An increase in algal growth resulting from increased nutrient loadings can affect the food webs of aquatic ecosystems, including the macrobenthic component. For example, increased productivity of periphyton in small streams will shift the macrobenthic community to one that is dominated by species, such as gastropod snails and other algal grazers and scrapers, that use algal mats for food and habitat. Increased algal growth also means increased algal decomposition and increased production of fine organic particles, which, in turn, may greatly increase the densities of filter-feeding macrobenthos, such as the larvae of black flies.
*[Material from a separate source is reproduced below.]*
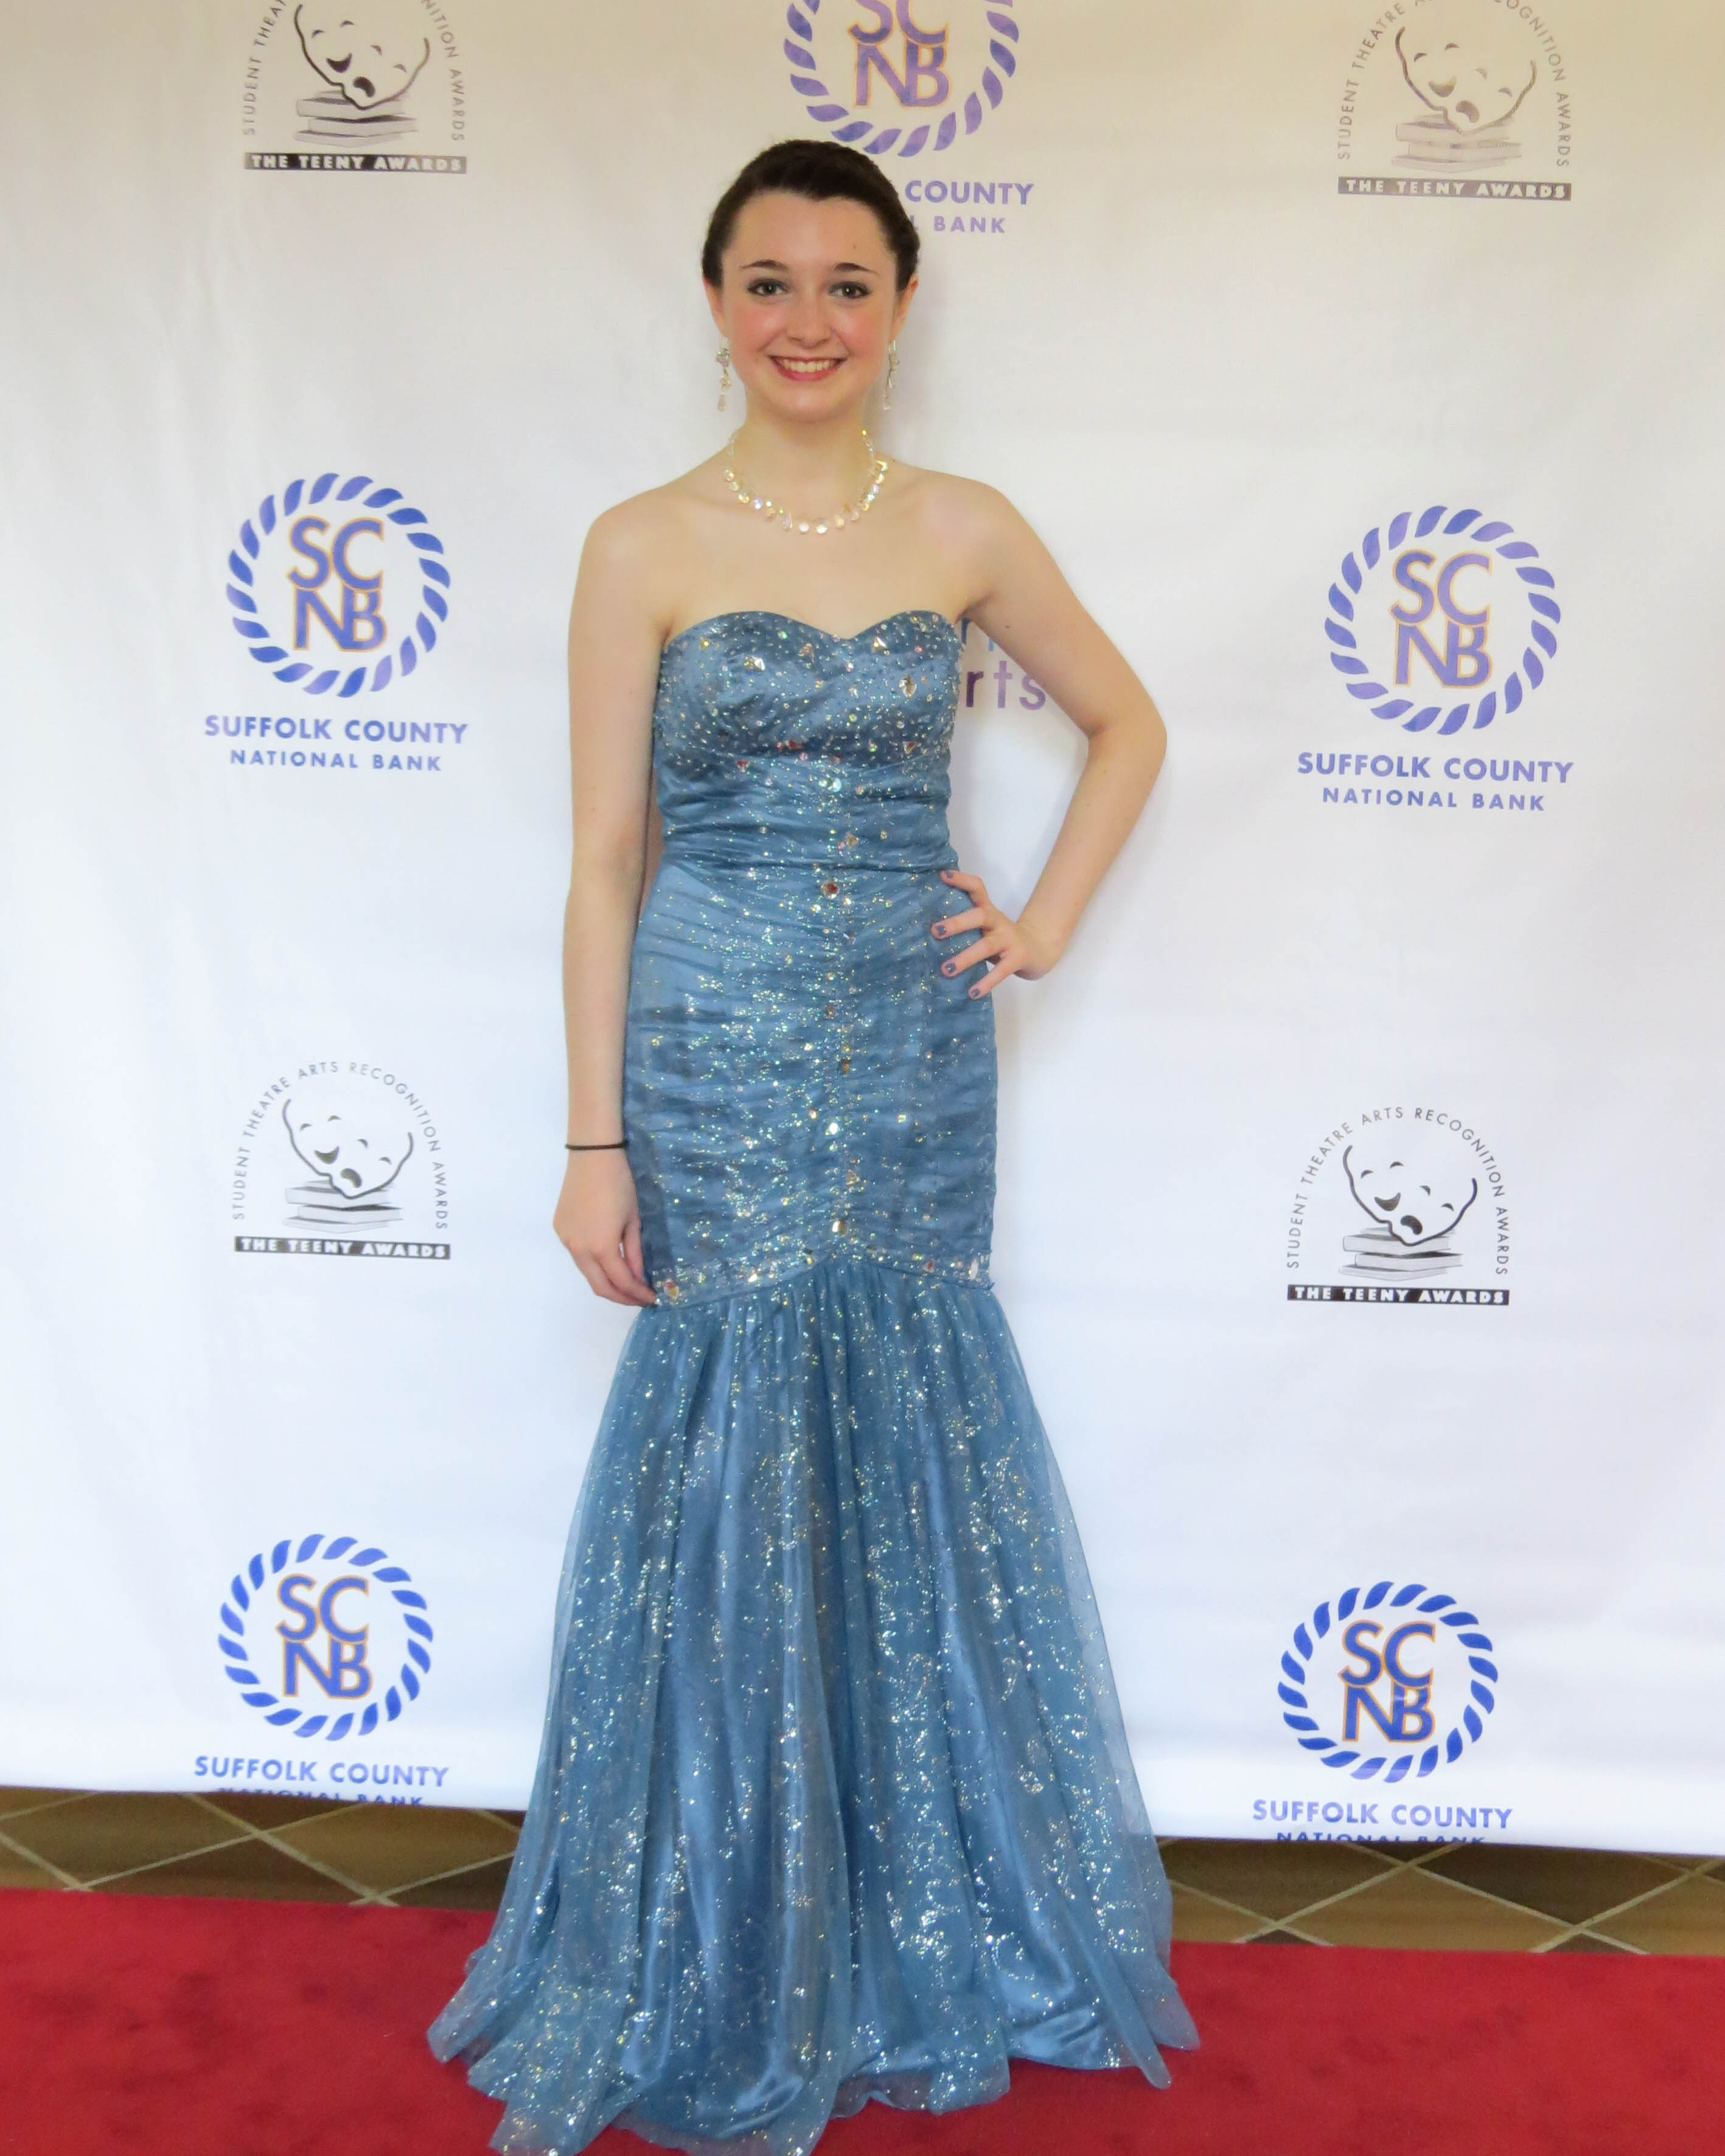 Colleen Kelly on the red carpet at the 2014 EEA Teeny Awards

| Macroinvertebrate metric | Expected response to increased nutrients | Description |
|---|---|---|
| EPT taxa (RA or richness) | Decrease | Ephemeroptera (mayfly), Plecoptera (stonefly), and Trichoptera (caddisfly) larvae represent taxa that often decrease with increases in many types of stress, including nutrient enrichment (Klemm et al. 2003). |
| Mollusca and Crustacea (RA or richness) | Increase | Mollusks, such as gastropod snails and fingernail clams, and crustaceans, such as amphipods or isopods are tolerant of nutrient enrichment (Griffith et al. 2005). |
| Most dominant taxa (RA) | Increase | Reduced diversity and uneven distribution of individuals among taxa is characteristic of increased stress, including nutrient enrichment (Barbour et al. 1996). |
| Tanytarsini (RA or richness) | Decrease | This tribe of Chironomidae is generally considered intermediate in tolerance to stressors, such as nutrients (Deshon 1995). |
| Grazers and Scrapers (RA or richness) | Increase | Grazers and Scrapers feed on the increased algal production associated with nutrient enrichment (Barbour et al. 1999). |
| Sensitive species (RA or richness) | Decrease | Sensitive species decrease in response to increased stress, including nutrient enrichment (Miltner and Rankin 1998). |
| Tolerant species (RA) | Increase | More tolerant species may increase in abundance in response to decreases in sensitive species as result of nutrient enrichment (Miltner and Rankin 1998). |
Excess macrophytes or algae can alter habitats for both fish and macroinvertebrates by taking up space and altering substrate surfaces. Excess algae can contribute to turbidity, which interferes with sight-feeding fish (see Sediments module).
Site evidence that supports excluding nutrients as a candidate cause
There are no site observations that specifically provide evidence of the absence of nutrients. General reasons for excluding a candidate from the list are described in Step 2 of the Step-by-Step guide and in Tips for Listing Candidate Causes.
We strongly caution against using benchmarks of effects (e.g., water quality criteria) as evidence for excluding nutrients from your initial list of candidate causes, because different species have different nutrient requirements and different sites have different naturally occurring levels of nutrients.